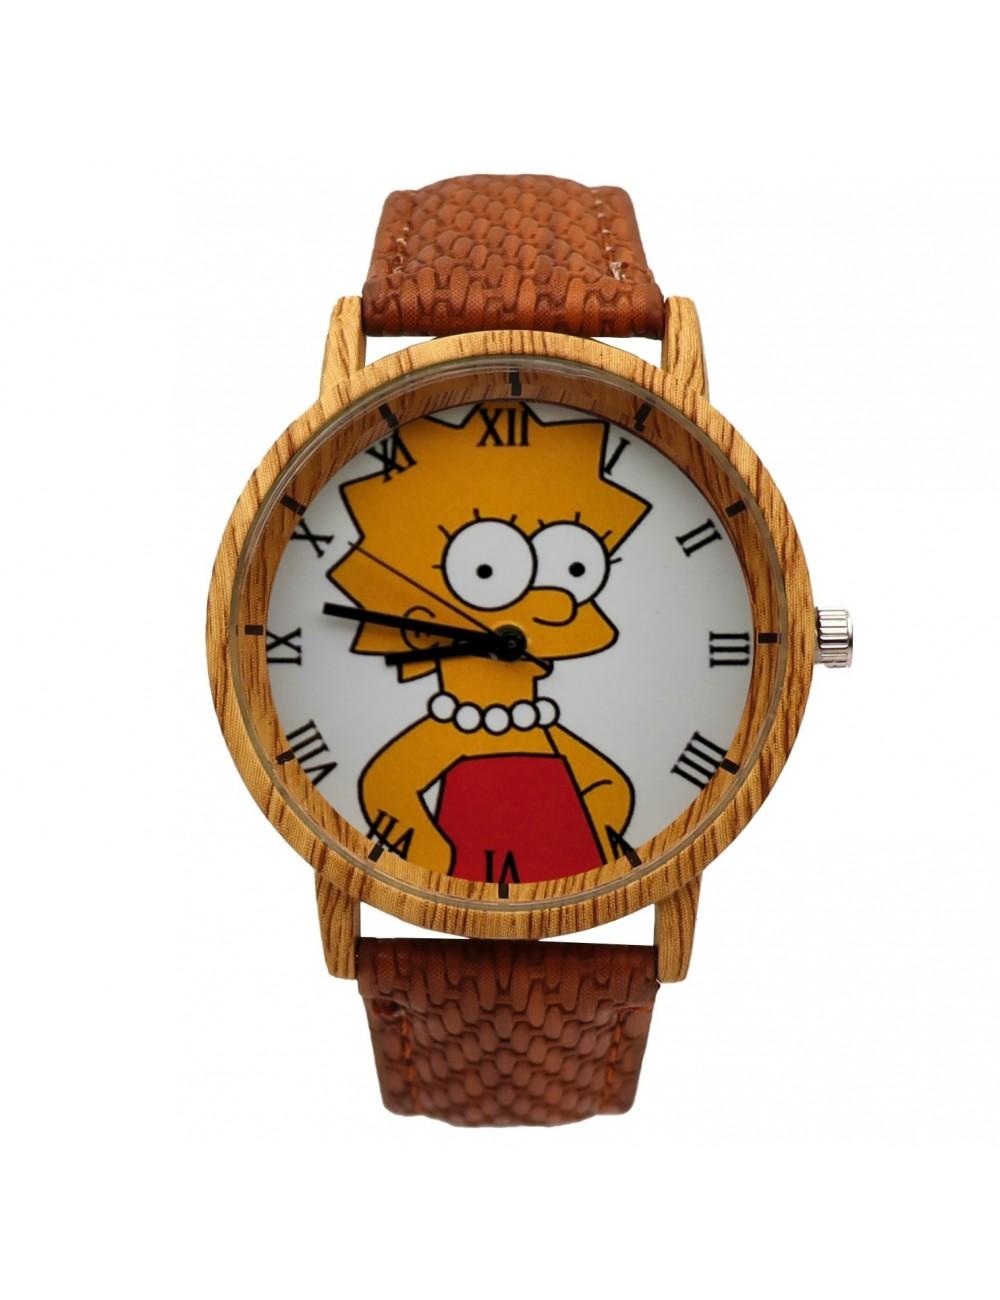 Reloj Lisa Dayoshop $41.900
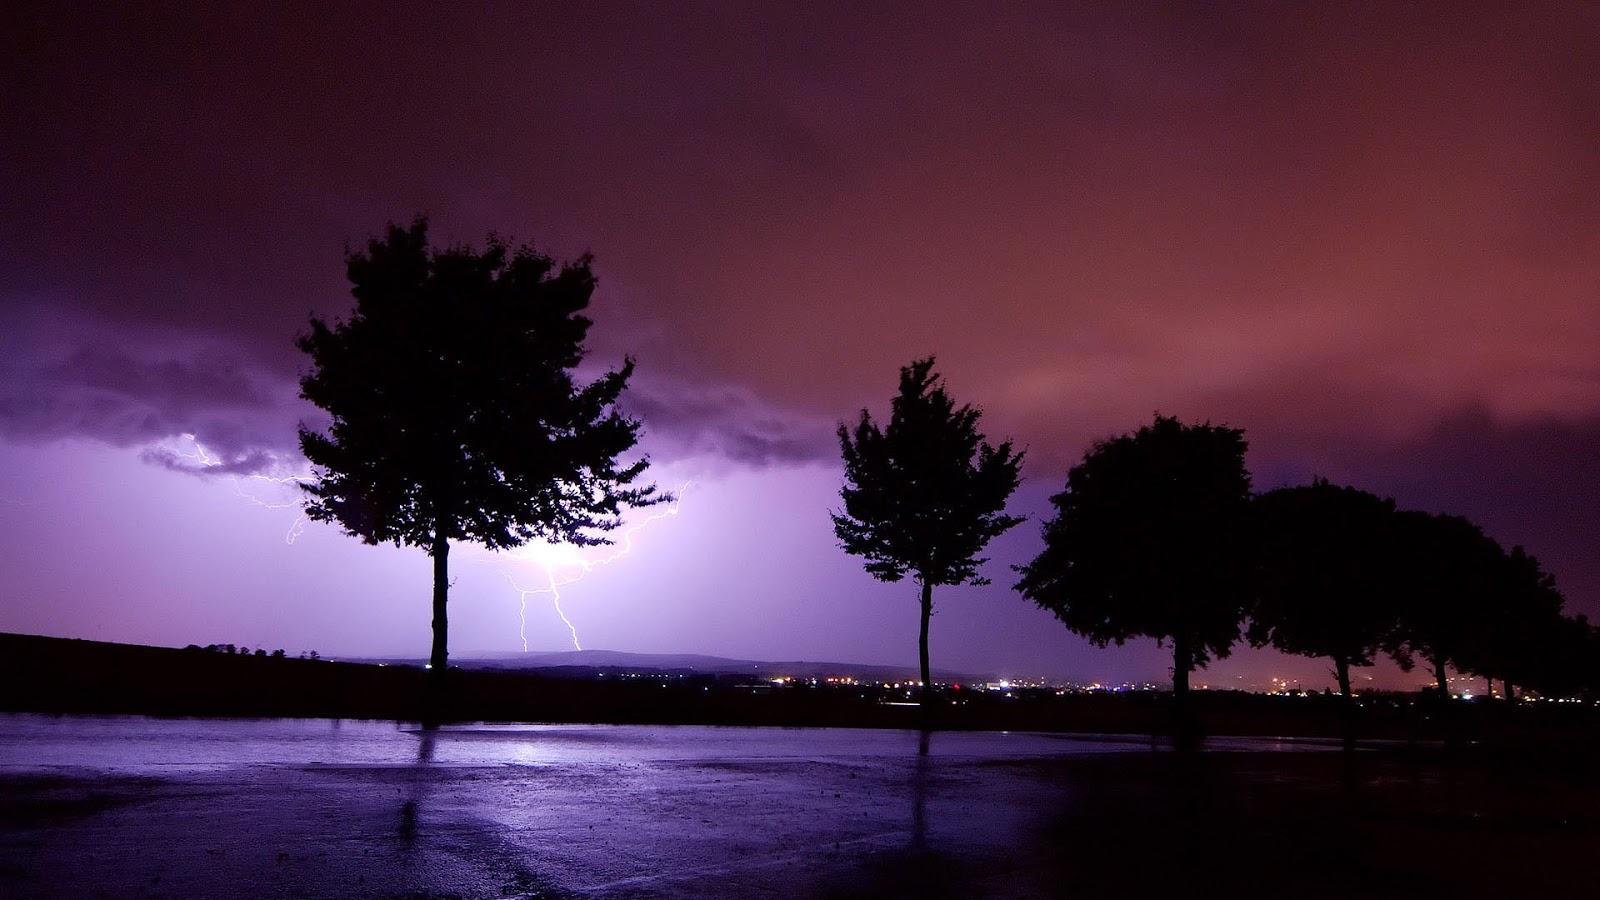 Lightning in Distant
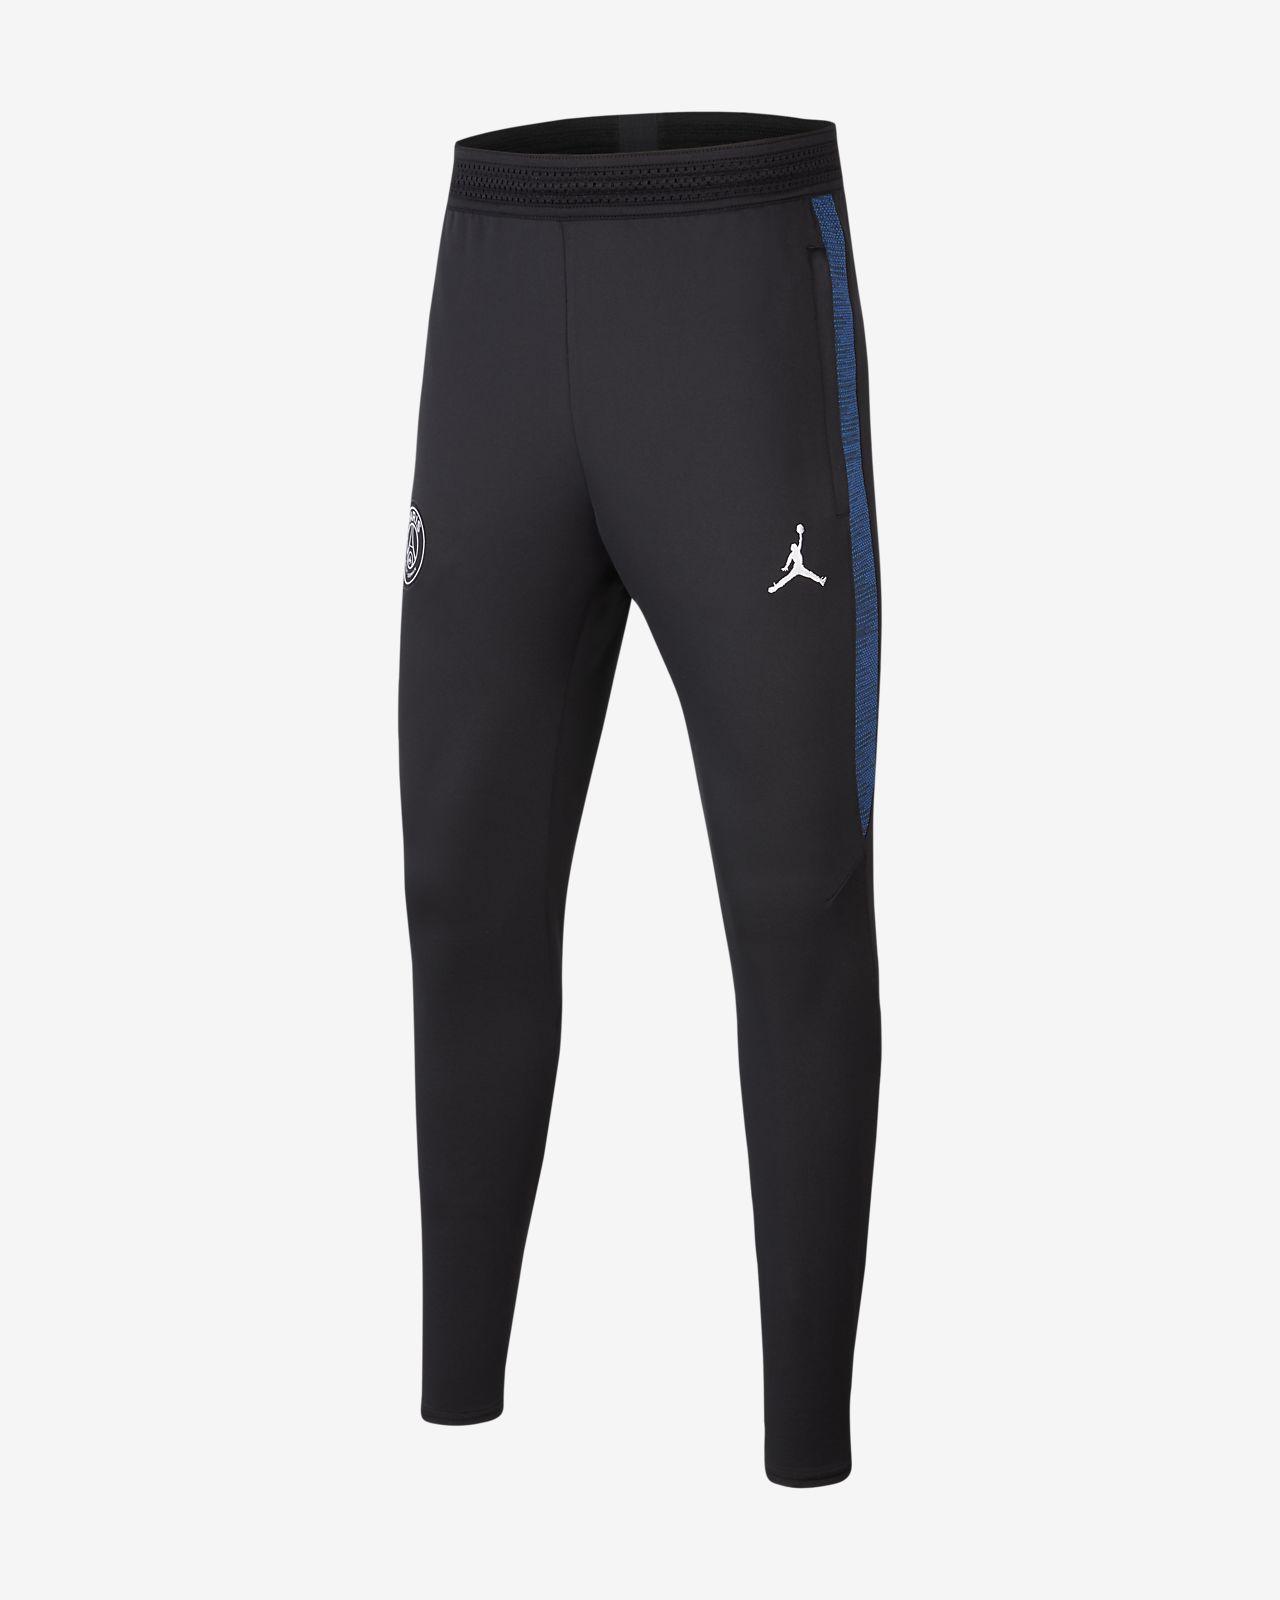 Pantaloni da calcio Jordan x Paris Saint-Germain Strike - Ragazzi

- _GOAL OF THE EXERCISE_: Reproduce the data above in full, exactly, with the images removed.

- _ANSWER TO THIS EXERCISE_:
 Reloj Lisa Dayoshop $41.900
 Lightning in Distant
 Pantaloni da calcio Jordan x Paris Saint-Germain Strike - Ragazzi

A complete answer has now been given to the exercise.